I don’t know of any serious body of scientific research that questions the appropriateness of surgery to mend broken bones or chemotherapy to reduce the effects of cancer. However, the same cannot be said of the use of puberty blockers to treat gender dysphoria. 

As I have written many times, there is increasing opposition to the use of puberty blockers on minors. The United Kingdom, Sweden and Norway have all banned their use. 

This brings me to the second problem with the case: there was no one present to present evidence to the court about the questions around the use of puberty blockers, nor to question whether their use was appropriate. The absence of a contradictor in this matter led to some problematic commentary in the decision. 

In speaking of puberty blockers, Justice Richards wrote: “This treatment halts the progression of the physical changes that come with puberty, but is reversible and may be stopped at any time … If she later becomes unsure about her gender identity, she can stop the treatment.” 

With respect to the judge, the statement that the effects of puberty blockers are reversible is not correct. A study from Westmead Children’s Hospital’s gender clinic reported that they cause a decrease in bone density, while the most comprehensive study in the world—the recent Cass Review from the UK—found that there was inconsistent evidence about the effects of puberty suppression on things like cognitive development, cardio-metabolic risk or fertility.”  

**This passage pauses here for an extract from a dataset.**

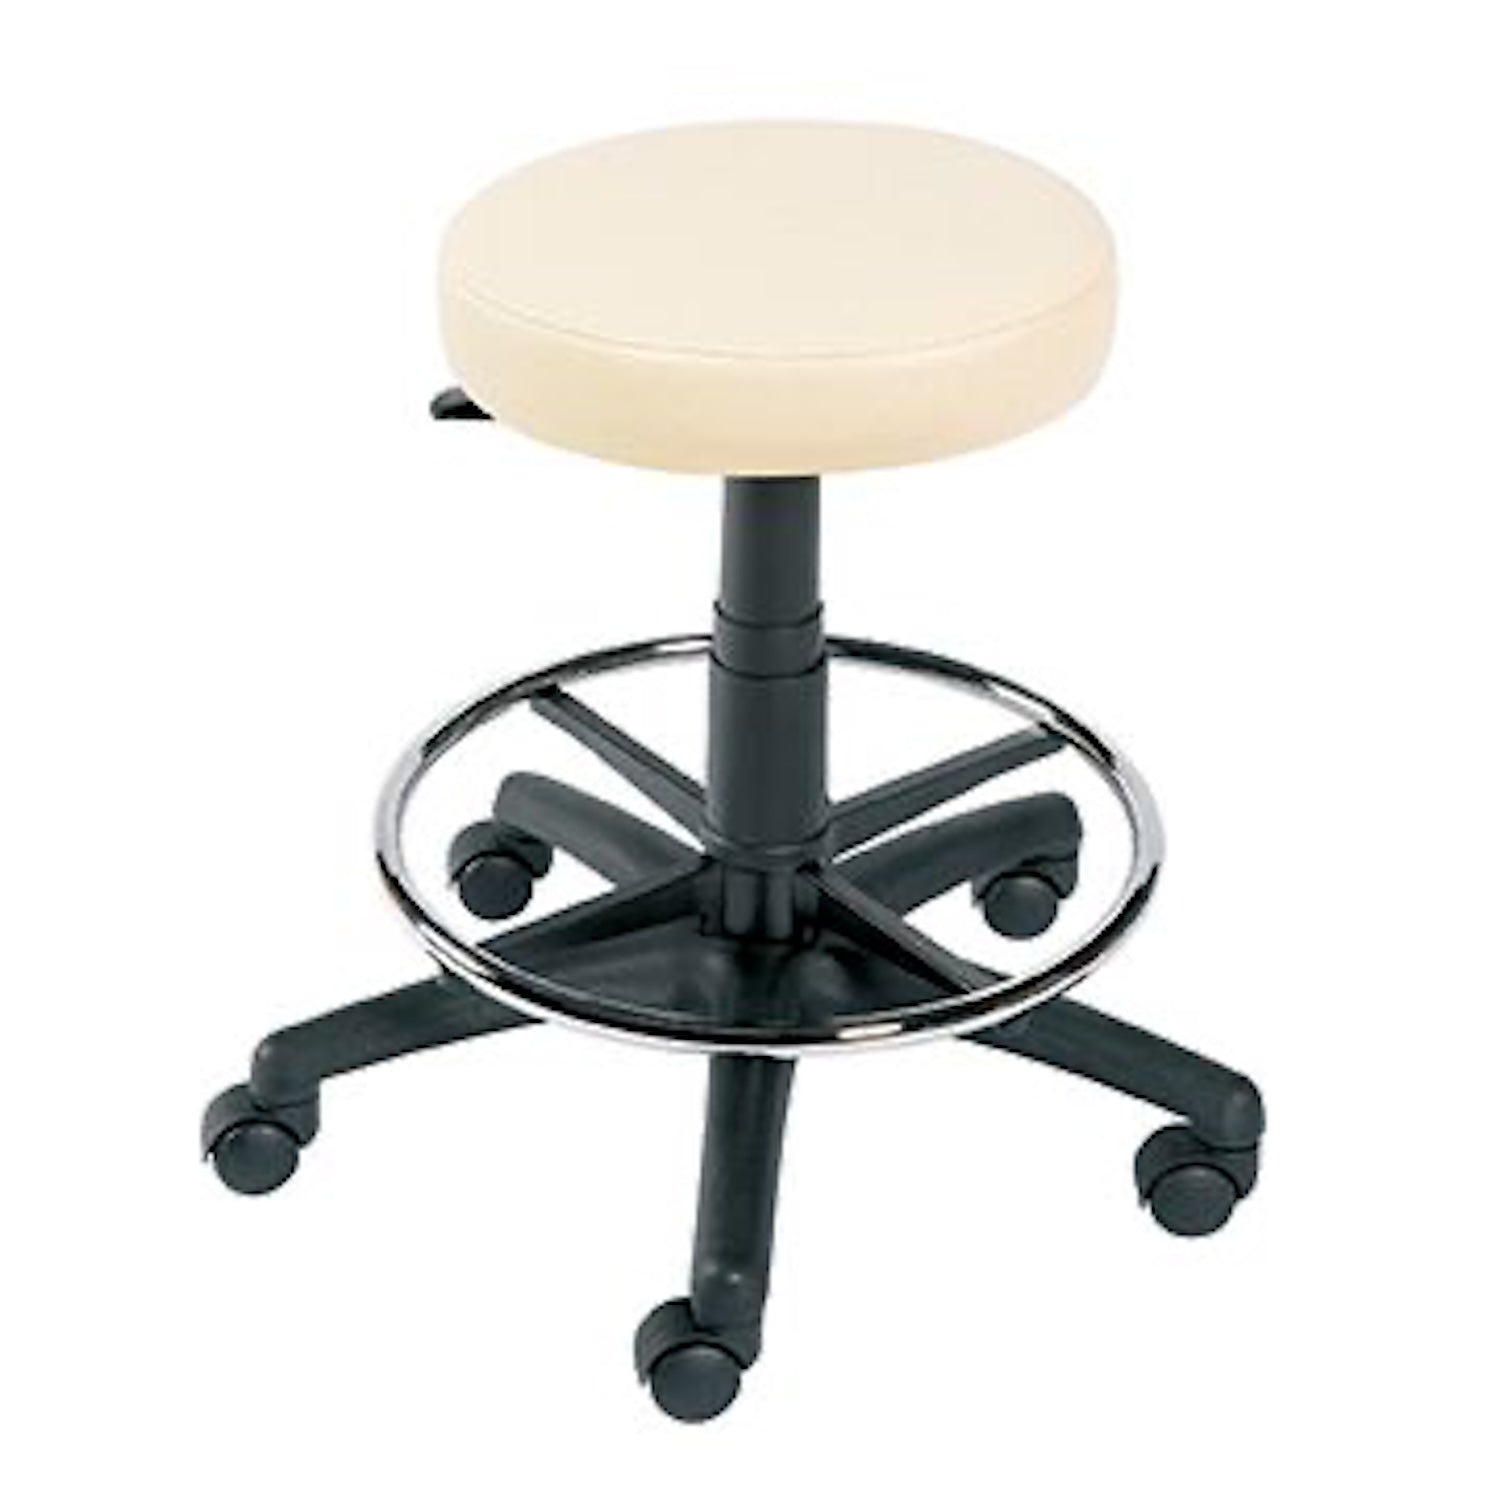 Sunflower Gas-lift Stool with Foot Ring & Sunflower Gas-lift Stool With Foot Ring in Black

Even the World Health Organisation, which cannot be accused of being ideologically opposed to gender transition, recently said that the evidence base for gender-affirming treatments for children and adolescents is “limited and variable.” 

No one presented this evidence to the court and so the judge made her decision based on the evidence before her. This is a real problem in these cases. Many things have changed since 2013 and Re Jamie: the number of children seeking puberty blockers has risen exponentially, and the evidence against their use is also increasing.  

To solve a matter like this, legislative intervention is required. The question becomes whether there is a government courageous enough to take the short-term popularity hit for the long-term safety of children.